Details on these formats are provided at the end of this section.
The following illustrations show the state diagrams for the custom client/Data Export interface. (The diagramming notation is by Booch who claims to have adopted it from Harel).
Client State Diagram
Data Export Server State Diagram
Key concepts from the state diagrams are shown in the following tables with key words from the diagrams. In these definitions the “server” refers to the Data Export data server and the “client” is the custom data retrieval client application.
Client State Diagram:
| Key Word |
Description |
|---|---|
| Test For Server Rdy | With Socket APIs, usually there will be a function used to open the socket. In this state, the client program should attempt to open the socket. If Open Failed, the client should wait 5 seconds and try again. |
| Wait For Record |
In this state the client is waiting for the next data record from the server. When a record is received it should be “secured” (saved to disk or database), then an acknowledgment should be sent back to the server. Once the server has processed the acknowledgment it will not send that record again. The client should use a watchdog timer while waiting for a data record. If the client is in the Wait For Record state for longer than expected (RecIntv2) then it should assume that the server has died and close the session. This watchdog operation may be difficult to implement, but it seems that some implementations of sockets do not properly report a broken socket and so the watchdog is necessary for reliability. |
| Rec Intv 2 |
This is an amount of time greater than 2 times the expected interval between data records. It is just longer than the longest period between records the client would expect to receive from the server. If the client goes longer than this interval without receiving a new record then it should close and reopen the socket, thus allowing the server to recover if it has broken socket connection. |
| Secure Rec | The secure record action is taken when a Record Rdy event occurs while the client is in the Wait For Record state. Before the client sends an acknowledgment to the server it should “secure” the data record sufficiently so that if a power failure or crash occurs the data will be safe. |
| Send Ack | The send acknowledgment action is done in response to the Record Rdy event, after the record is secured. In Send Ack the client forms an acknowledgment record from information taken from the data record and sends it to the server. |
| Stop |
It is important to note that the Stop event could occur at any time. If it occurs while in the Session Open state then the socket should be closed (Close Session) before program termination. |
Server State Diagram:
| Key Word |
Description |
|---|---|
| Wait For Record Available |
In this state the server is waiting for the next record to become available from the server’s data record source. |
| Wait For Ack |
In this state the server is waiting for the client to acknowledge that it has secured the record. If an acknowledgment for the wrong record comes in, the server will just continue to wait. After waiting for a minute, the server will re-issue the data record and wait again. |
| Advance Rec |
The advance record action is executed after the server receives a valid acknowledgment record from the client while in the Wait For Ack Record state. This is the point at which the server recognizes that the client has secured a record and the server relinquishes responsibility for the well being of that record. The server moves on to the next record. |
| Stop | Note that in the Session Open and Server Registered states there are “exit” actions that need to be executed on the Stop event. |
Communications between the client and server are conducted using ASCII records where each record is terminated by a carriage return – line feed (CRLF) pair. Record length varies quite a bit. For each datalogger record there is exactly one ASCII record. Because of the Block Mode Protocol used to communicate with dataloggers, the maximum size datalogger record is limited to something less than 1024 field values. Assuming 6 characters per value, 13 characters per field name, and 6 characters per field type designation, a single ASCII record could come out to be a little longer than 25K characters.

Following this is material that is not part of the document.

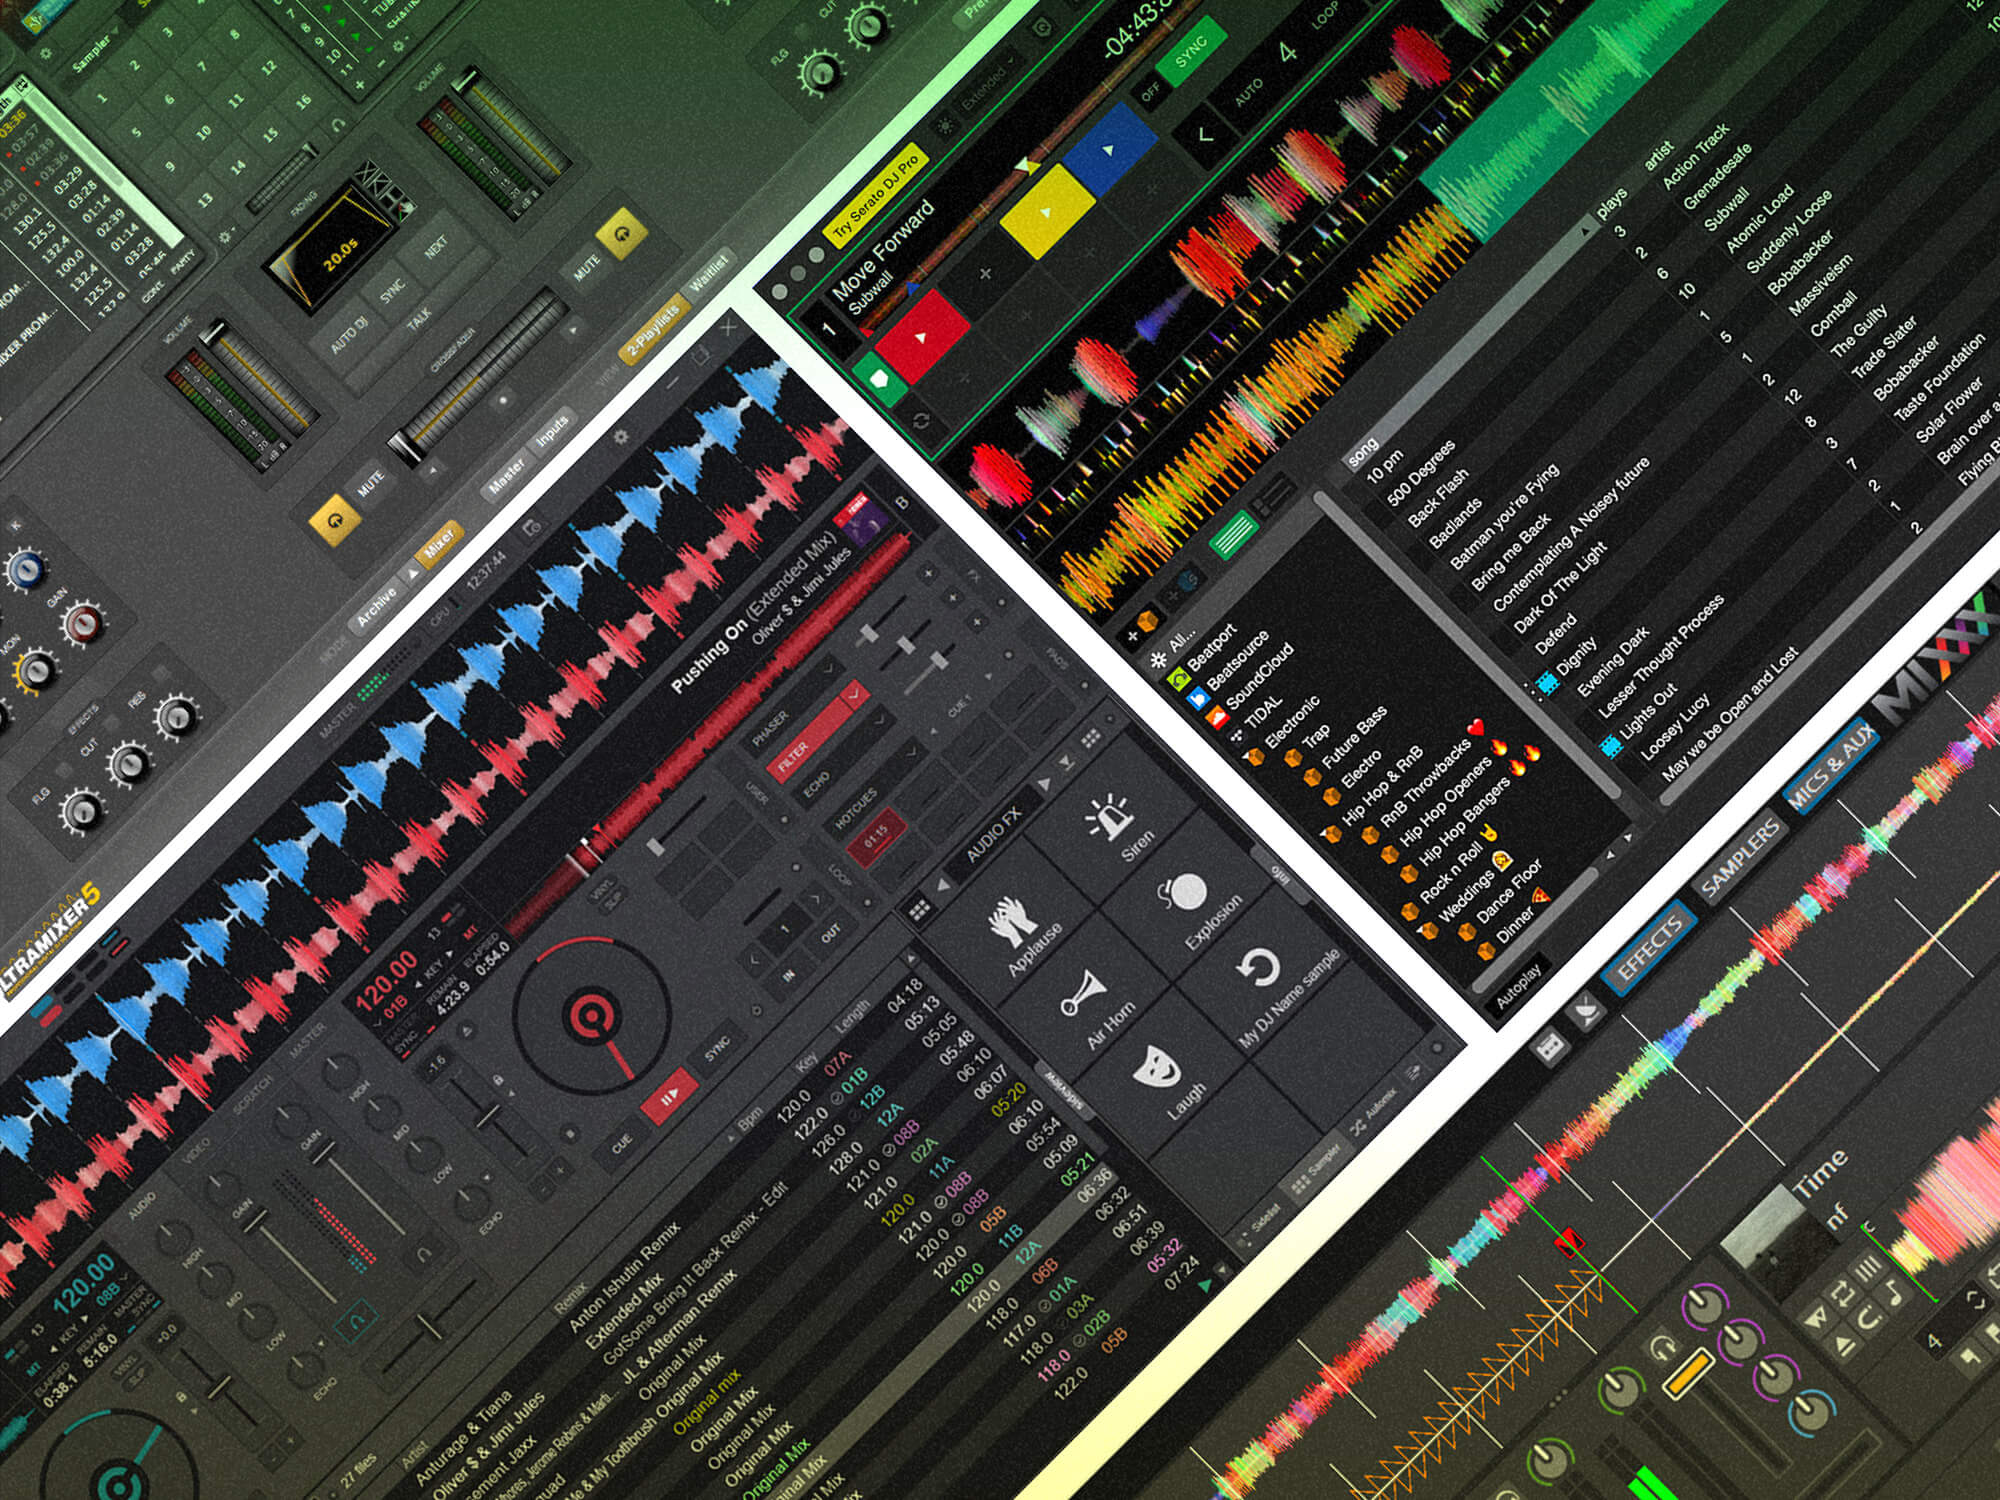 Best freeware plug-ins: Five of the best free software and apps for DJs |  MusicTech
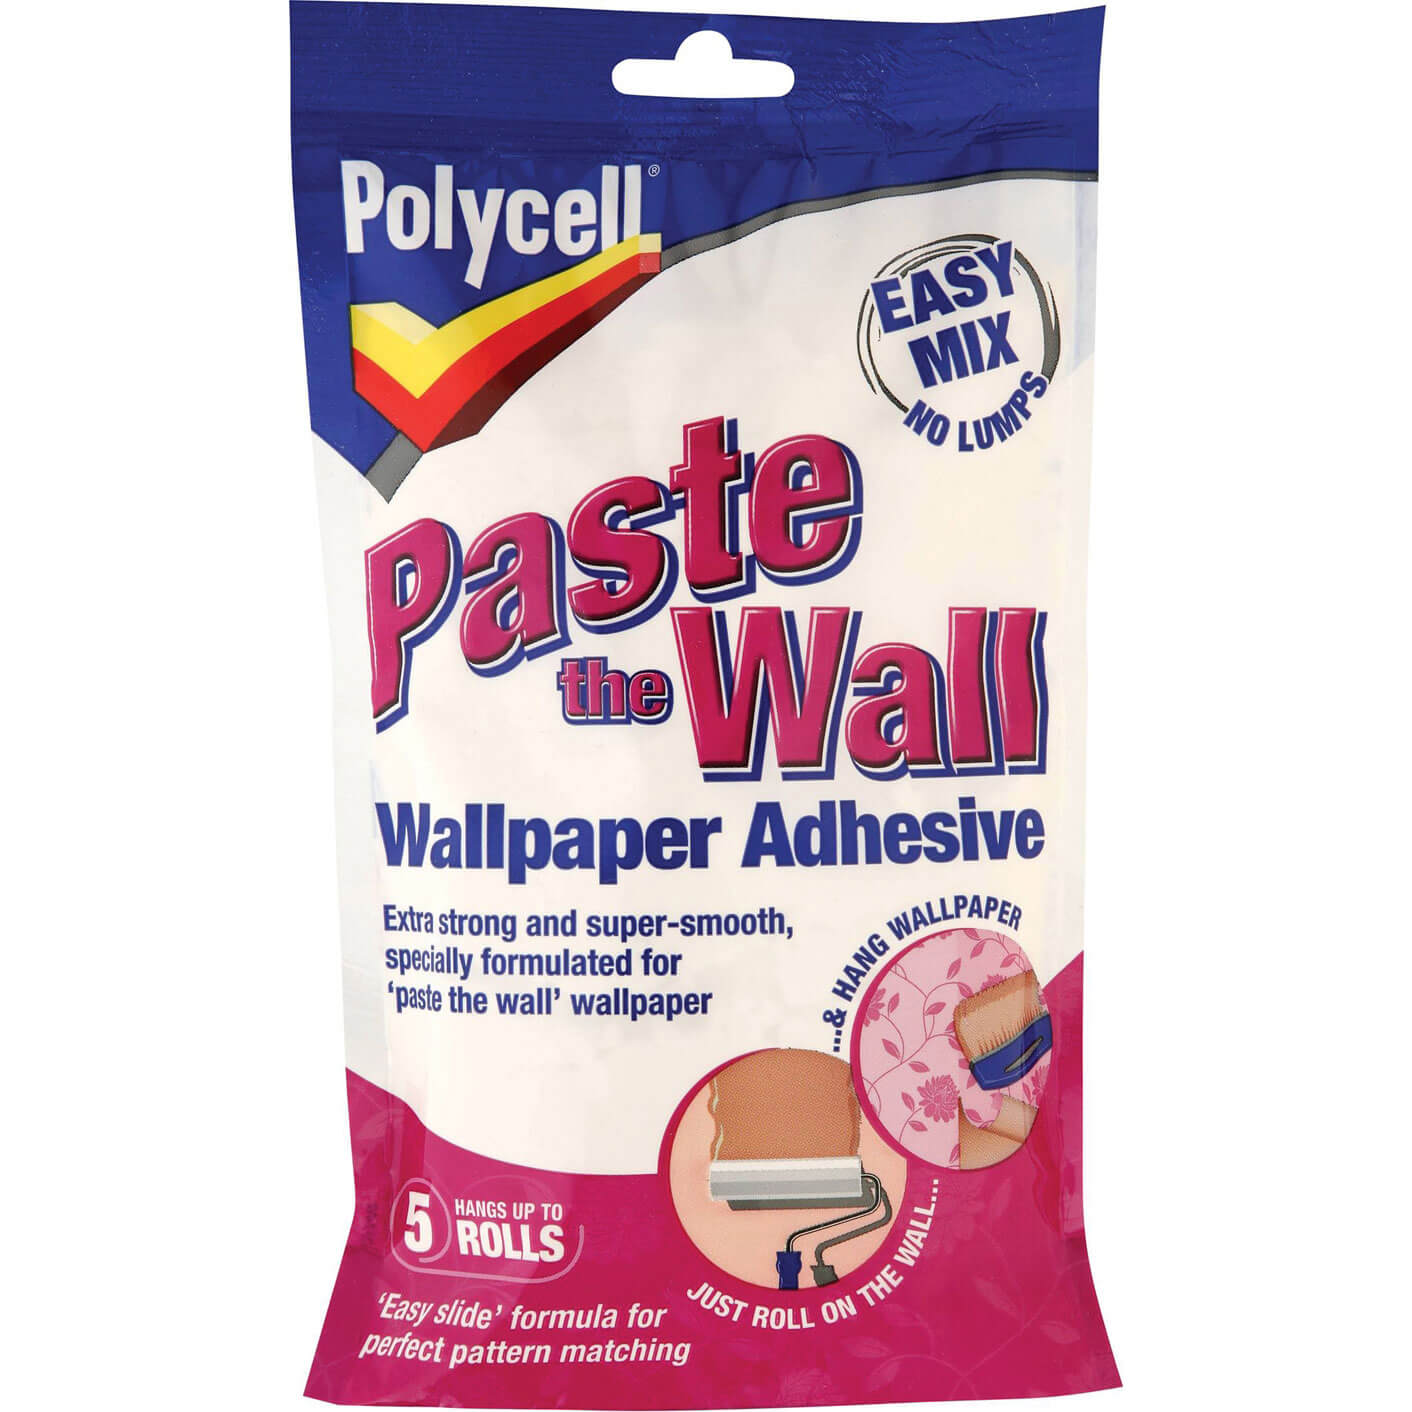 Polycell Paste The Wall Powder Wallpaper Adhesive 5 Roll

Typical datalogger programming will produce record sizes of about 150 characters. It would not be unusual to see records that contain one or two hundred values which would come out to a length of 2 to 3K characters in ASCII.
To express the format of ASCII records used for communications between the client and server, we will use Extended Backus Naur – Formalism (EBNF), a notation used to express syntax. This notation was adopted from Wirth [3], and extended here by adding a repetition count preceding some brackets. EBNF is summarized in the following table where A, B and C are syntactic entities of the language being described. Where one of these entities is a literal string it is enclosed in quotes.
Expression Means
| A = BC | The construct A consists of B followed by C. |
| A = B | C | A consists of B or C. |
| A = [B] |
A consists of B or nothing. |
| A = {B} | A consists of any number of B’s including none. |
| ( ) | Brackets used to group sections of an expression. |